Definition

A halogen light bulb is a kind of incandescent bulb that incorporates halogen gas to increase its rated life as well as its light output. They are known for their high efficiency, rated life and the quality of light they produce. When compared to other incandescent bulbs, they last significantly longer due to their high rated life advantage.

The halogen bulb's history is almost identical to that of the incandescent light bulb. Chlorine was used to prevent blackening of the lamp in 1882. it wasn't until 195 that the company called General Electric created a viable halogen lamp that could be sold commercially.

Manner of Operation

Similar to incandescent lamps, halogen bulbs use a tungsten filament, which is heated and evaporated slowly to produce light a process called incandescence. However, the burning of the filament causes blackening of the glass enclosure, which in turn decreases the bulb's life as well as its light output.

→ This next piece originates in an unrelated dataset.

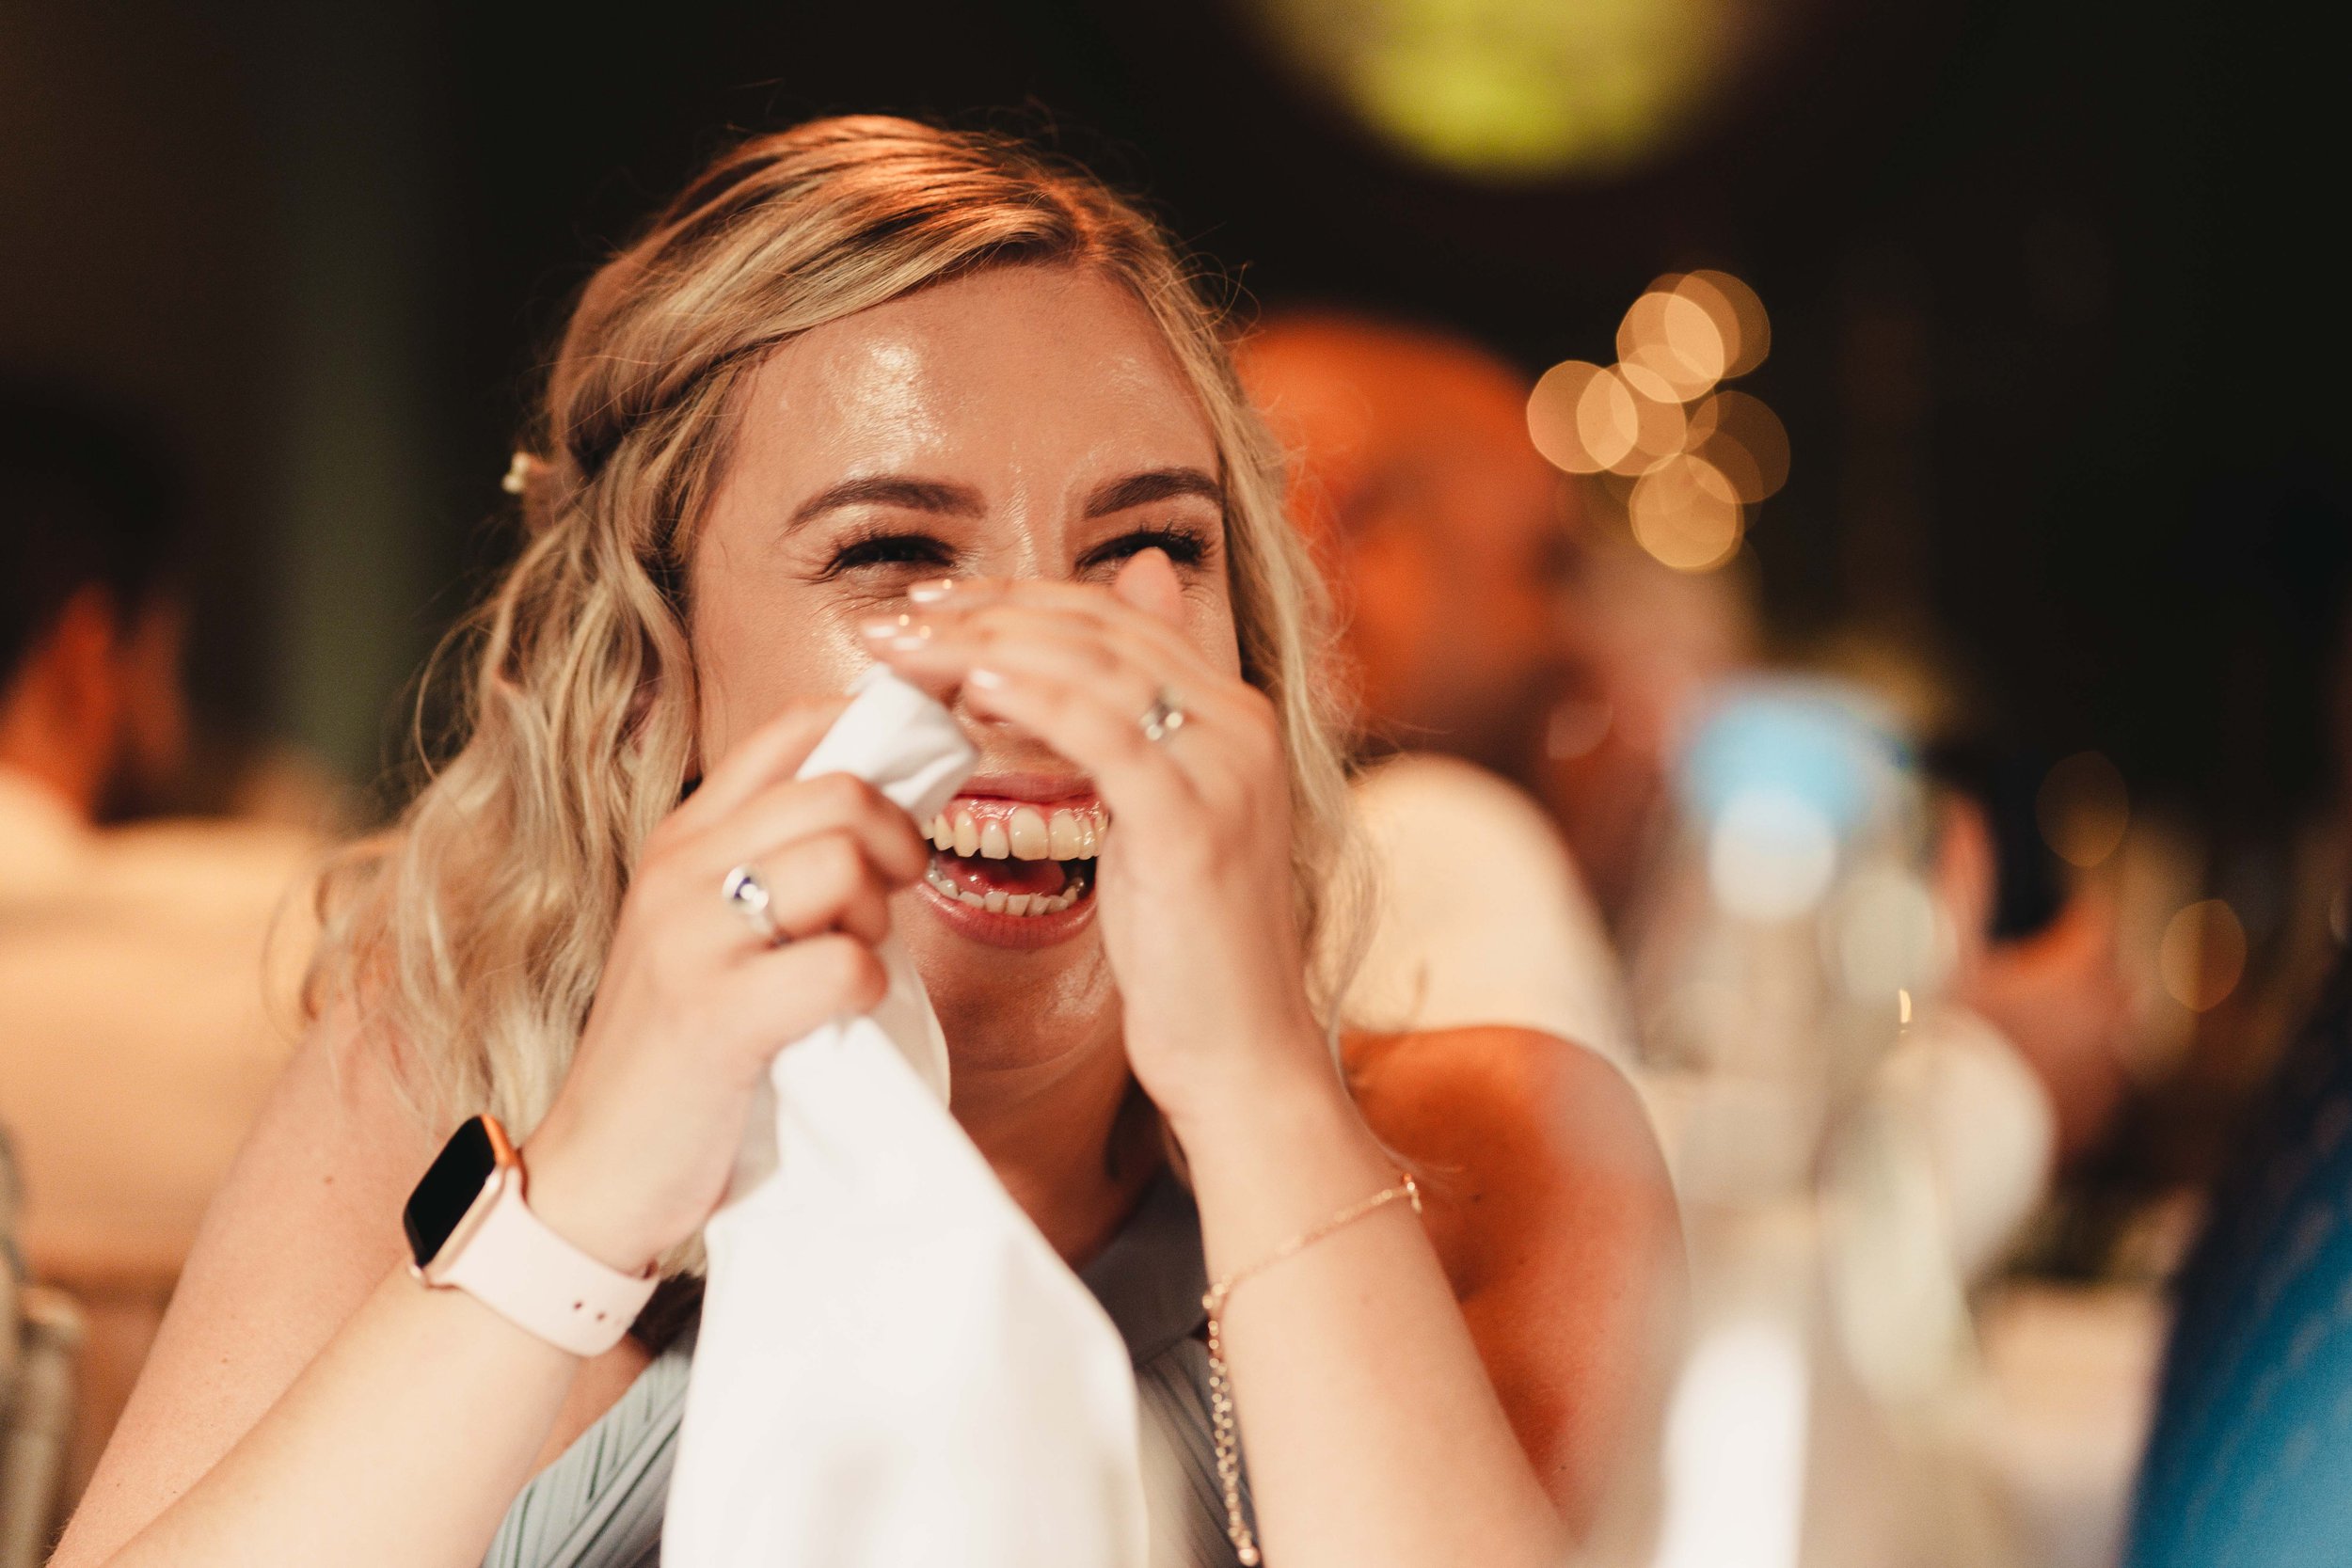 Wedding guest laughing during the speeches

However, halogen lamps effectively deal with this problem as the halogen gas in them chemically reacts to the tungsten, thus preventing it from blackening the glass. In addition, some of the tungsten is even returned by this reaction to the filament, which can help the bulb last longer than its classic sibling. Because halogen bulbs need high temperatures in order to make this reaction happen, halogen bulb enclosures must be crafted from quartz.

 

Applications

Halogens can be used in a wide array of applications, regardless if it's residential or commercial. These lamps can be used as headlamps for automobiles, cabinet lights, and even work lights. In addition, halogen-based reflectors like the PAR and MR lamps are preferred more by the public for places that need directed lights, as is often the case with spotlights. Halogen lamps are used more than incandescent reflectors because they are more efficient, however, the only time halogen lamps are not used is when heat from the light source becomes a critical issue.